**What is needed:**
Take the data that sits below and write it out again exactly.

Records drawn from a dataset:
_ _ _ _ _ _ _
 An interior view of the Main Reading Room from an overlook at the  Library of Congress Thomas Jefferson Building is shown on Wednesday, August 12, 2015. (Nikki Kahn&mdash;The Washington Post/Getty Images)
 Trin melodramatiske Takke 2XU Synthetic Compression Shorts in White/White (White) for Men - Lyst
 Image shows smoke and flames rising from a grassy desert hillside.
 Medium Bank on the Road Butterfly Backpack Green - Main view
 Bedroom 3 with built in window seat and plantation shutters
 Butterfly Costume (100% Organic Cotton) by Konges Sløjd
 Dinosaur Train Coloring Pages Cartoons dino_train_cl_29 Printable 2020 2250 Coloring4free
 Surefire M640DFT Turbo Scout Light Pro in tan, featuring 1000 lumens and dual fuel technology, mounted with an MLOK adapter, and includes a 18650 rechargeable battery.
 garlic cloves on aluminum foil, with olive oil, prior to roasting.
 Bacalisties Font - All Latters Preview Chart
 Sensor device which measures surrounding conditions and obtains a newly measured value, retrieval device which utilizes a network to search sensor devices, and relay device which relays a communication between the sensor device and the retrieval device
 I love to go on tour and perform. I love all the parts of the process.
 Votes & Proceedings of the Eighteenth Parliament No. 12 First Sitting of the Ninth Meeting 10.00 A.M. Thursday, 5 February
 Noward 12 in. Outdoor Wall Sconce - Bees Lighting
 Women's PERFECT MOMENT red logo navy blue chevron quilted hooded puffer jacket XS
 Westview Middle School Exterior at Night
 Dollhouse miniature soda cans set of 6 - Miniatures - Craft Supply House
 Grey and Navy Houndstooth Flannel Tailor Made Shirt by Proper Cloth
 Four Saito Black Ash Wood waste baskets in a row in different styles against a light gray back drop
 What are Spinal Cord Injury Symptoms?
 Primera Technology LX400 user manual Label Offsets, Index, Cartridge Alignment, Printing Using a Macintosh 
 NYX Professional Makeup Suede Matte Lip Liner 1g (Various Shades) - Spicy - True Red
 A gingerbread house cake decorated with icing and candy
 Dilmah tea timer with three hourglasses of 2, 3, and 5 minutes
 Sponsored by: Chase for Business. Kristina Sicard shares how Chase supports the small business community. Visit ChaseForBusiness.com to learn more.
_ _ _ _ _ _ _
**Task solution:**
 An interior view of the Main Reading Room from an overlook at the  Library of Congress Thomas Jefferson Building is shown on Wednesday, August 12, 2015. (Nikki Kahn&mdash;The Washington Post/Getty Images)
 Trin melodramatiske Takke 2XU Synthetic Compression Shorts in White/White (White) for Men - Lyst
 Image shows smoke and flames rising from a grassy desert hillside.
 Medium Bank on the Road Butterfly Backpack Green - Main view
 Bedroom 3 with built in window seat and plantation shutters
 Butterfly Costume (100% Organic Cotton) by Konges Sløjd
 Dinosaur Train Coloring Pages Cartoons dino_train_cl_29 Printable 2020 2250 Coloring4free
 Surefire M640DFT Turbo Scout Light Pro in tan, featuring 1000 lumens and dual fuel technology, mounted with an MLOK adapter, and includes a 18650 rechargeable battery.
 garlic cloves on aluminum foil, with olive oil, prior to roasting.
 Bacalisties Font - All Latters Preview Chart
 Sensor device which measures surrounding conditions and obtains a newly measured value, retrieval device which utilizes a network to search sensor devices, and relay device which relays a communication between the sensor device and the retrieval device
 I love to go on tour and perform. I love all the parts of the process.
 Votes & Proceedings of the Eighteenth Parliament No. 12 First Sitting of the Ninth Meeting 10.00 A.M. Thursday, 5 February
 Noward 12 in. Outdoor Wall Sconce - Bees Lighting
 Women's PERFECT MOMENT red logo navy blue chevron quilted hooded puffer jacket XS
 Westview Middle School Exterior at Night
 Dollhouse miniature soda cans set of 6 - Miniatures - Craft Supply House
 Grey and Navy Houndstooth Flannel Tailor Made Shirt by Proper Cloth
 Four Saito Black Ash Wood waste baskets in a row in different styles against a light gray back drop
 What are Spinal Cord Injury Symptoms?
 Primera Technology LX400 user manual Label Offsets, Index, Cartridge Alignment, Printing Using a Macintosh 
 NYX Professional Makeup Suede Matte Lip Liner 1g (Various Shades) - Spicy - True Red
 A gingerbread house cake decorated with icing and candy
 Dilmah tea timer with three hourglasses of 2, 3, and 5 minutes
 Sponsored by: Chase for Business. Kristina Sicard shares how Chase supports the small business community. Visit ChaseForBusiness.com to learn more.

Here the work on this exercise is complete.